(Dataset entries)
********************

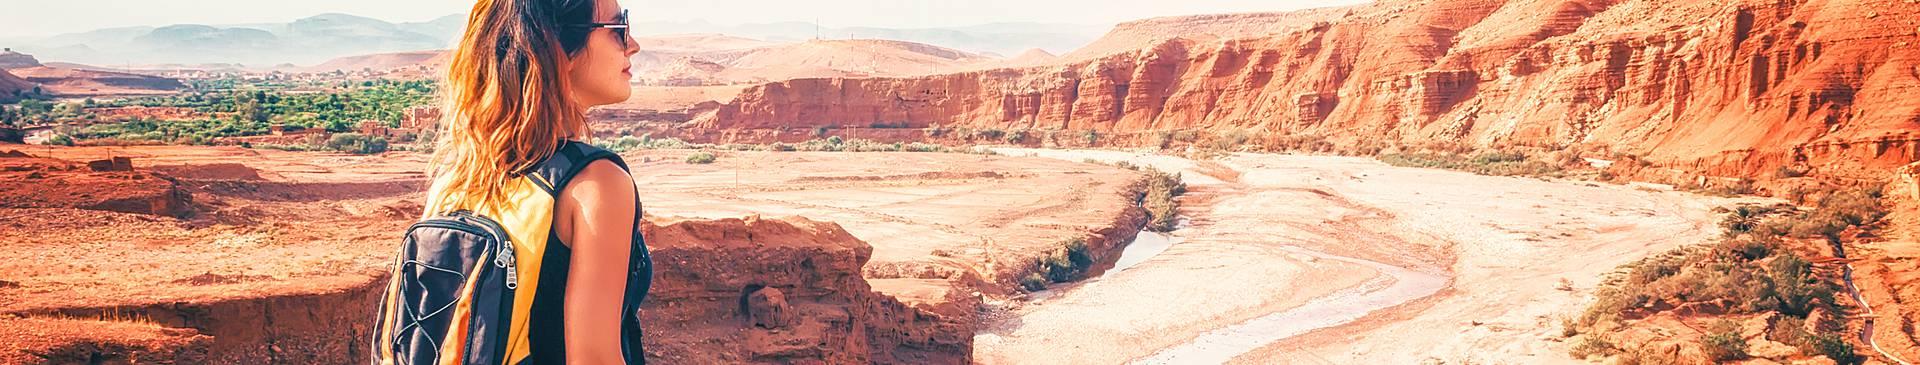 Morocco adventure trips
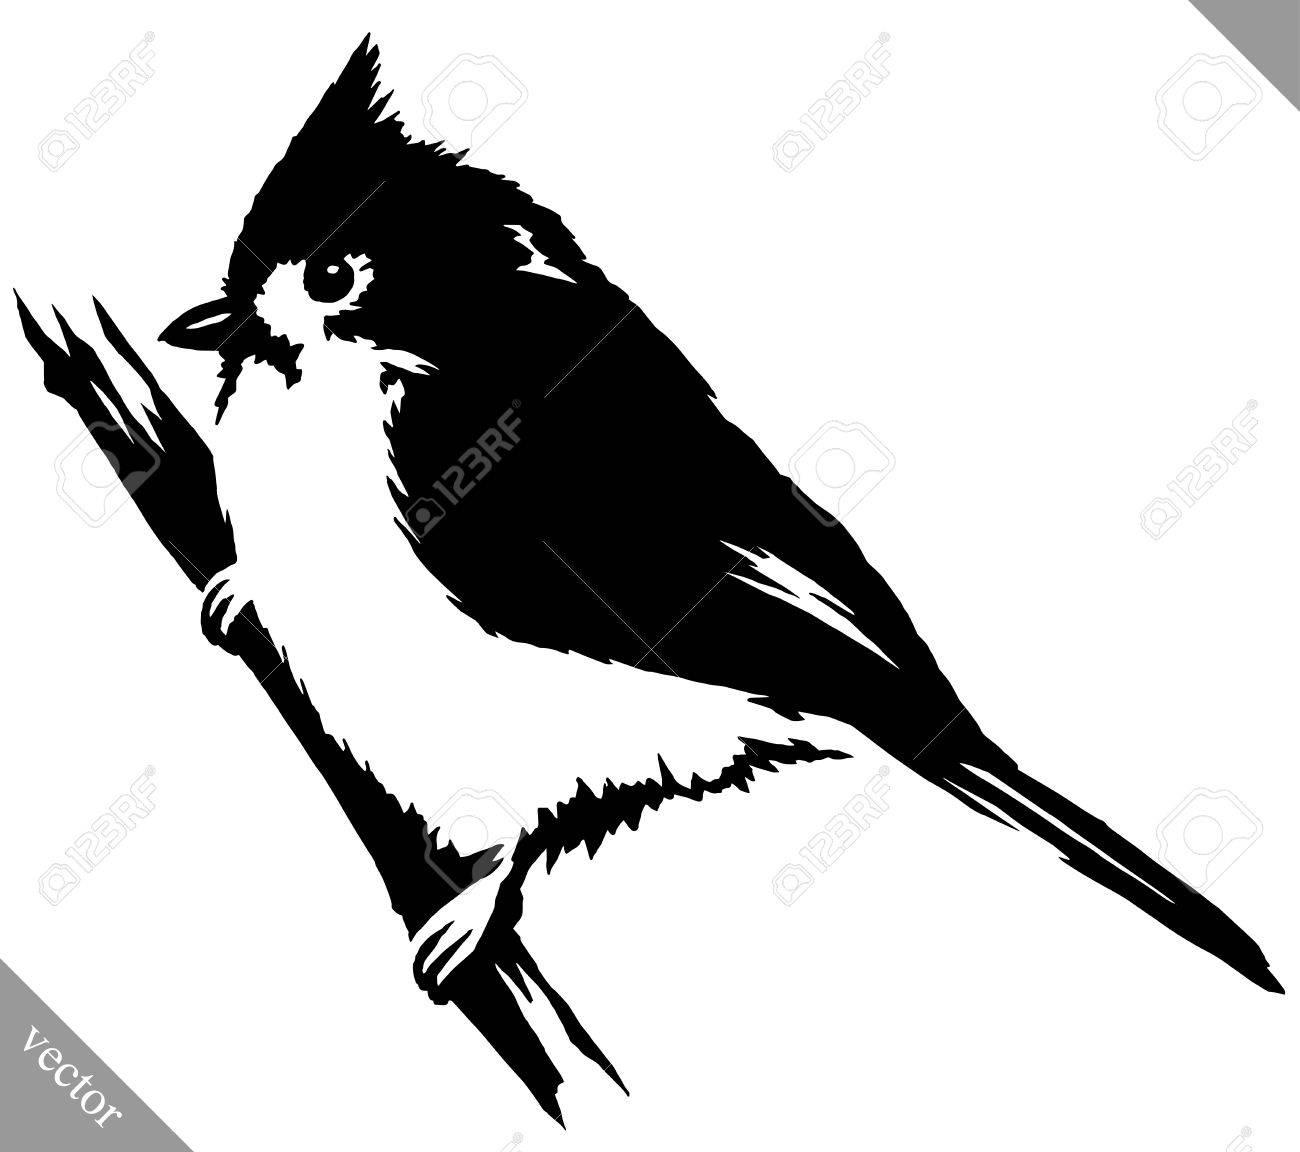 Schwarz Weiß Lineare Farbe Kardinal Vogel Vektor Illustration
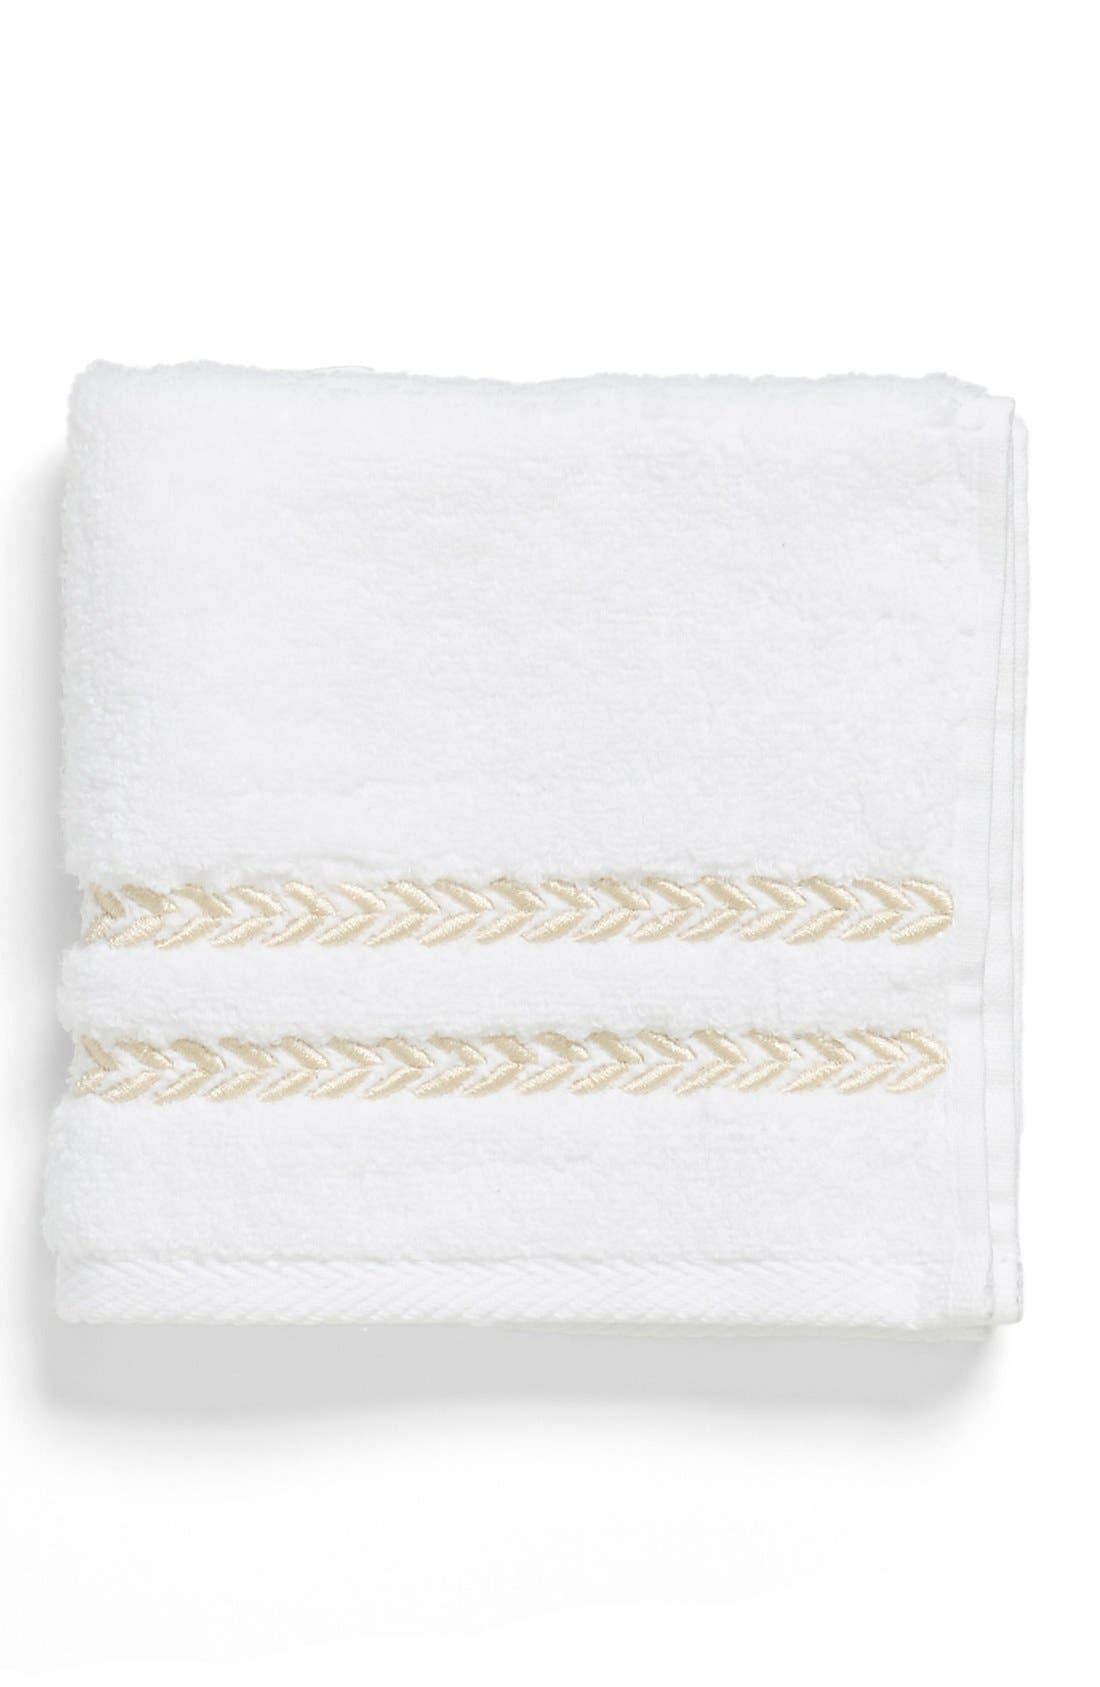 Alternate Image 1 Selected - Dena Home 'Pearl Essence' Wash Towel
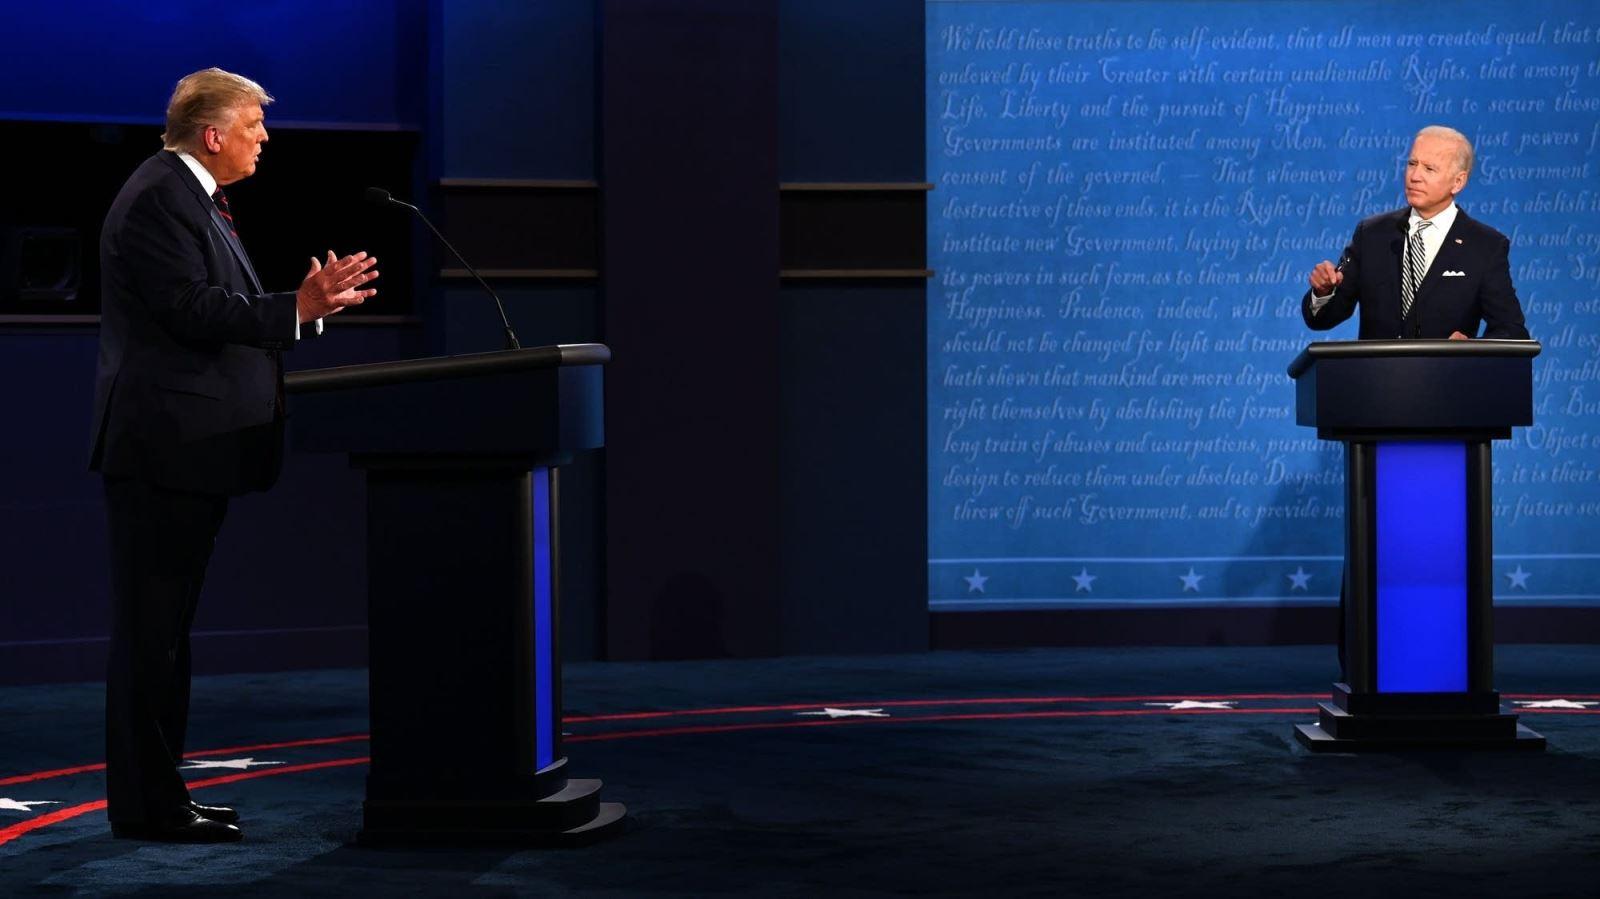 Trump-Biden tranh luận vòng 2: Hủy!
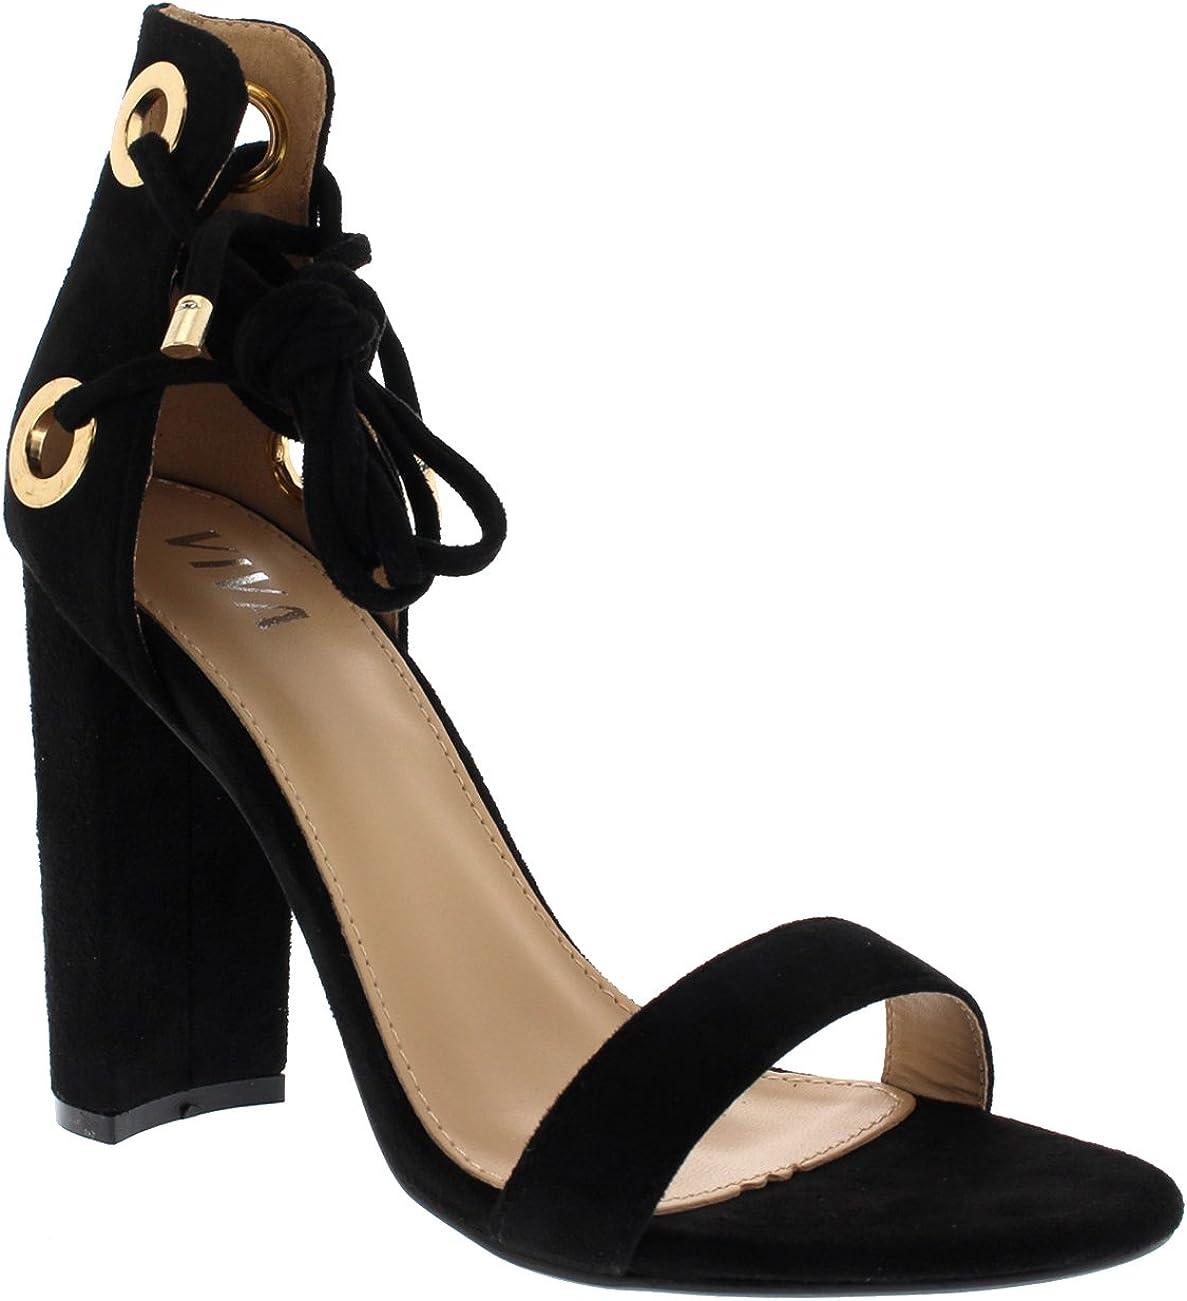 VIVA Womens Block High Heel Suede Lace Tie Up Suede Sandals Shoes

********************

§ ASSIGNMENT: All entries above must be printed again verbatim, with images excluded.

§ EXERCISE ANSWER:
 Morocco adventure trips
 Schwarz Weiß Lineare Farbe Kardinal Vogel Vektor Illustration
 Alternate Image 1 Selected - Dena Home 'Pearl Essence' Wash Towel
 Trump-Biden tranh luận vòng 2: Hủy!
 VIVA Womens Block High Heel Suede Lace Tie Up Suede Sandals Shoes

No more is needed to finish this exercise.